From Deutsche:
What does iron ore into ‘the 30s’ mean for the economy, policy and the AUD? At least some of the weakness in iron ore prices reflects the increase in supply out of Australia. As Figure 1 shows, the slump in iron ore prices this year has coincided with strong growth in Australian exports. Of course it is possible that iron ore prices could fall to the levels below the costs of major Australian producers and hence see lower local production and exports. These points are around $US36/tonne and $USD26/tonne. However, a lot of non-traditional and uneconomic production would need to remain in market to sustain those price levels in our view; something that is possible, but unlikely.

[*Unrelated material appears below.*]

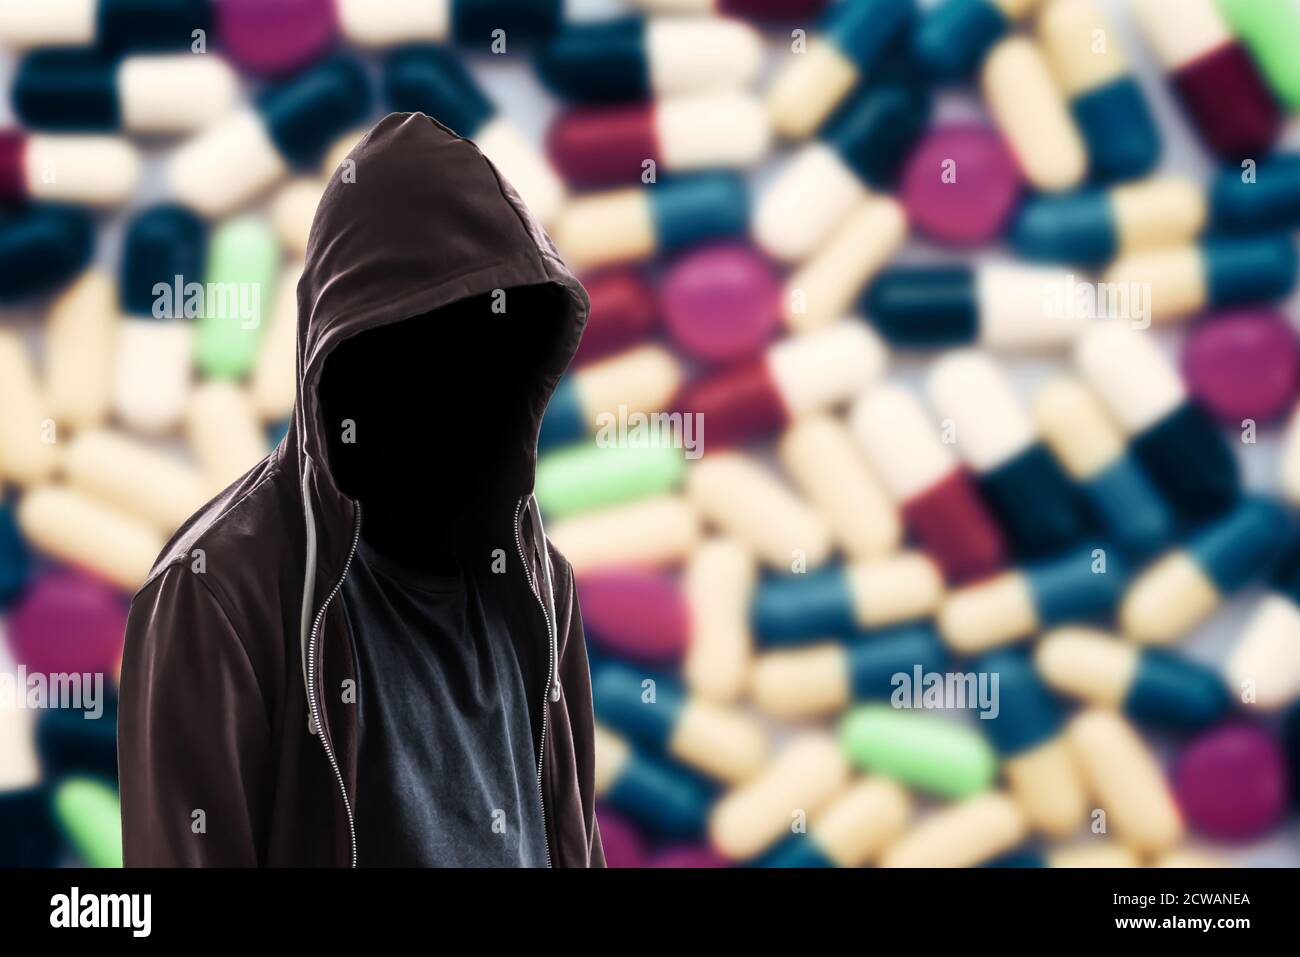 Invisible man on drug background. Drug dealer, medication addictions danger concept Stock Photo

A weaker iron ore price would, ordinarily, impact the outlook for investment. However, the mining investment boom is now long past. As a result, mining investment will continue to fall over the coming year largely independently of commodity prices (with any changes in maintenance capex ‘at the margin’ from a macro perspective). Of course, lower commodity prices do impact the profitability of mining companies – although with the sector having a large share of foreign ownership much of the weakness in profitability is offset by a lower net income deficit. As far as the labour market is concerned, mining employment will remain under pressure – although that has been the case for some time with the shift from investment to production probably having had a larger impact on sector related employment than lower commodity prices (something that should remain the case as long as prices remain above major Australian producer break-evens). And as we have been noting for much of the year, the pick-up in employment outside the mining sector has been sufficient to see the unemployment rate move sideways.